Hoda Abdel-Hamid, da Al Jazeera, reportando de Kryvyi Rih, a oeste de Zaporizhia, disse que a maioria das pessoas com quem ela falou disse que já “conhece os resultados do referendo, sem esperar os cinco dias completos de votação. Outras pessoas estão preocupadas com o que acontecerá após o referendo.
“Vimos nos últimos cinco dias, civis tentando sair de Luhansk, Donetsk, Zaporizhia, Kherson, e eles sempre disseram a mesma coisa – alguns diriam que este referendo para eles foi o último [straw].
“Disseram que, ultimamente, ficou muito mais rígido e muito mais difícil viver, mas existe aquele medo de mobilização [into the Russian forces]”, disse Abdel-Hamid.
As votações seguem um referendo semelhante realizado na Crimeia depois que a Rússia tomou a península da Ucrânia em 2014, quando líderes apoiados por Moscou declararam uma votação de 97 por cento para se juntar à Rússia. A anexação nunca foi reconhecida pela comunidade internacional.
Falando na TV estatal na terça-feira, Putin disse que os votos foram para proteger russos étnicos e pessoas de língua russa de suposta perseguição.

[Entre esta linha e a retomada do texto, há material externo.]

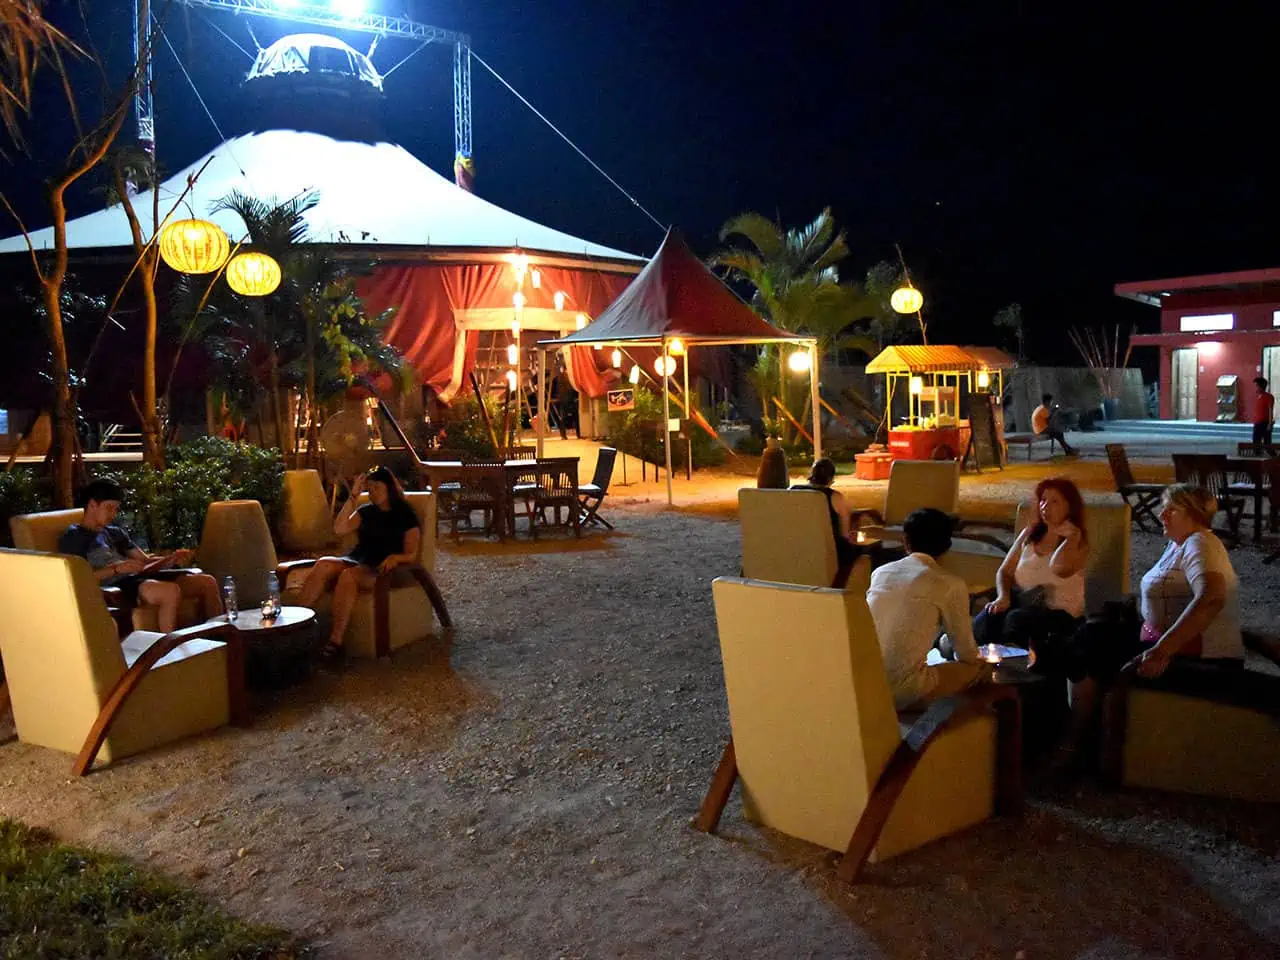 Siem Reap nightlife, dining and drinks at Phare Circus Cafe - guests seated in lounge chairs under colorfully lit iconic red circus big top
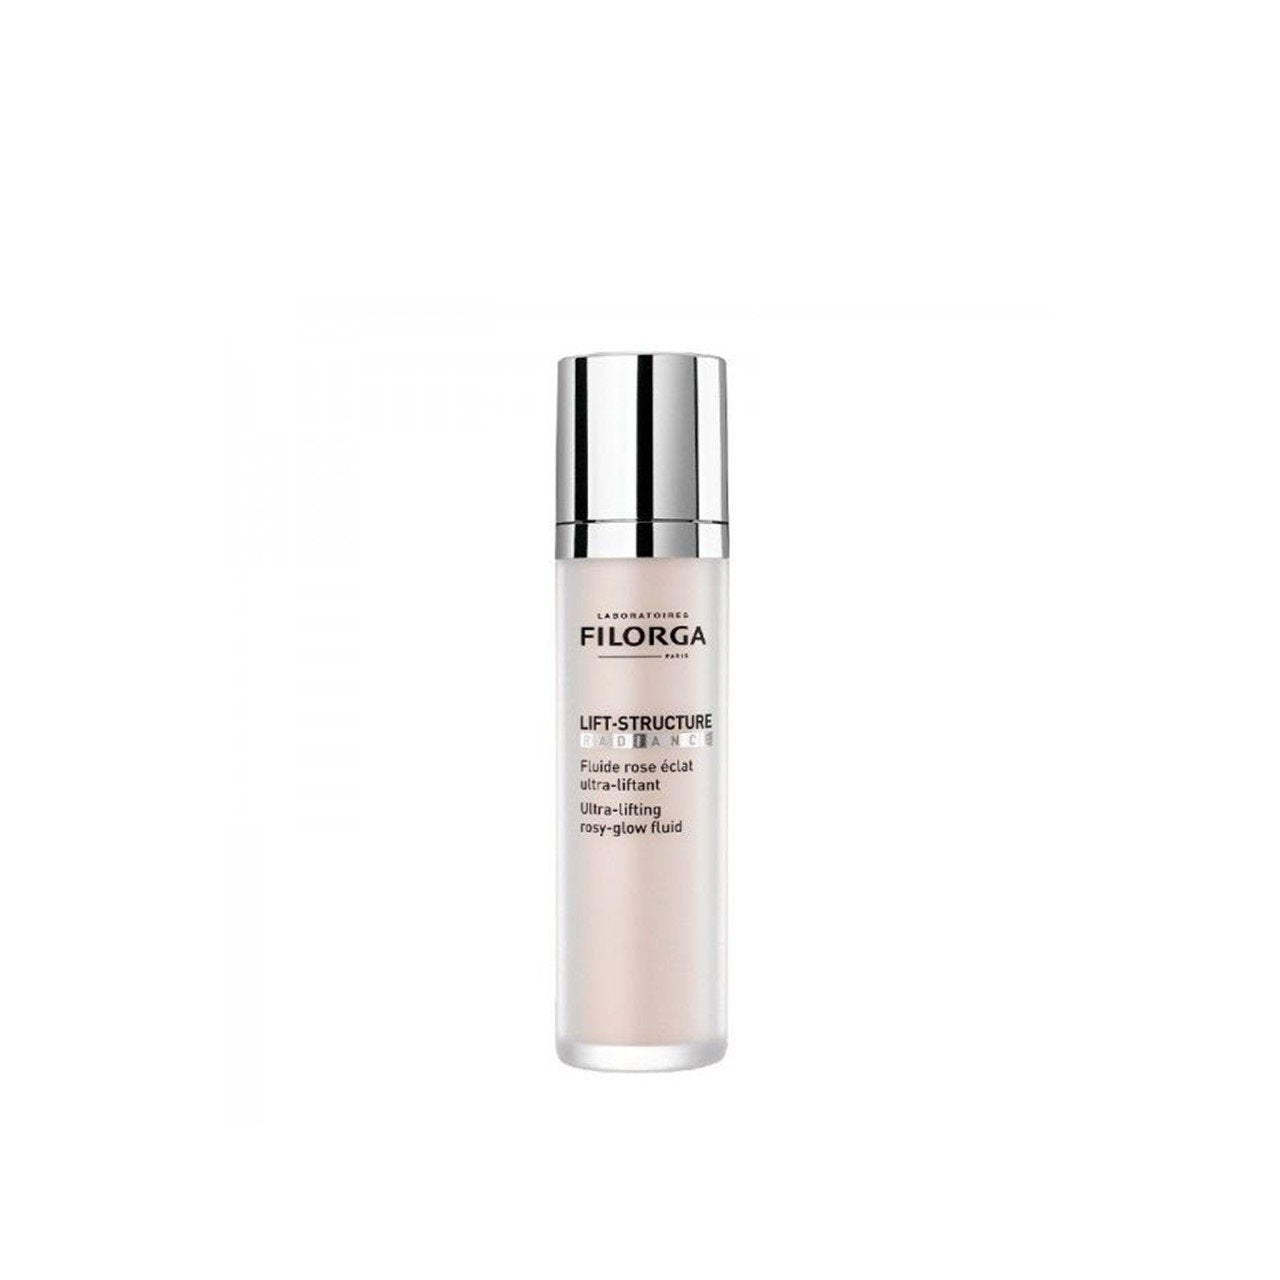 Filorga Lift-Structure Radiance Fluide Ultra-Lifting Rosy-Glow 50 ml

Kyiv negou tal discriminação.
‘Fronteiras internacionalmente reconhecidas’
Moscou agiu nos últimos meses para “russificar” áreas sob seu controle, inclusive emitindo passaportes russos para pessoas e reescrevendo currículos escolares.
Valentina Matviyenko, chefe da câmara alta do parlamento russo, disse que se os resultados da votação forem favoráveis, a Rússia poderia considerar anexar as quatro regiões em 4 de outubro, três dias antes de Putin comemorar seu 70º aniversário.
Na ONU, a subsecretária-geral para Assuntos Políticos e de Consolidação da Paz, Rosemary DiCarlo, disse na reunião do Conselho de Segurança que o órgão “continua totalmente comprometido” com a integridade territorial da Ucrânia “dentro de suas fronteiras internacionalmente reconhecidas”.
Embora o veto de Moscou signifique que não há chance de o Conselho de Segurança chegar a um consenso sobre a anexação da Rússia, os Estados Unidos pretendem apresentar uma resolução exortando os Estados membros “a não reconhecer qualquer status alterado da Ucrânia e obrigando a Rússia a retirar suas tropas da Ucrânia”. disse a enviada dos EUA Linda Thomas-Greenfield.
A China, o maior aliado mais próximo de Moscou desde a invasão da Ucrânia, ainda não condenou abertamente a ofensiva, mas disse ao Conselho de Segurança que a “integridade territorial de todos os países deve ser respeitada”.
Quando a Rússia começou a divulgar os resultados dos referendos, Medvedev emitiu um novo alerta nuclear contundente.
“Quero lembrá-los – os surdos que ouvem apenas a si mesmos: a Rússia tem o direito de usar armas nucleares, se necessário”, disse ele nas redes sociais.
O porta-voz do Pentágono, brigadeiro-general Patrick Ryder, disse que os EUA estão levando a ameaça reiterada “a sério”, mas não viram nada para fazer Washington mudar sua postura nuclear.
O chefe da Otan, Jens Stoltenberg, disse: “A Rússia deve saber que a guerra nuclear não pode ser vencida e nunca deve ser travada”.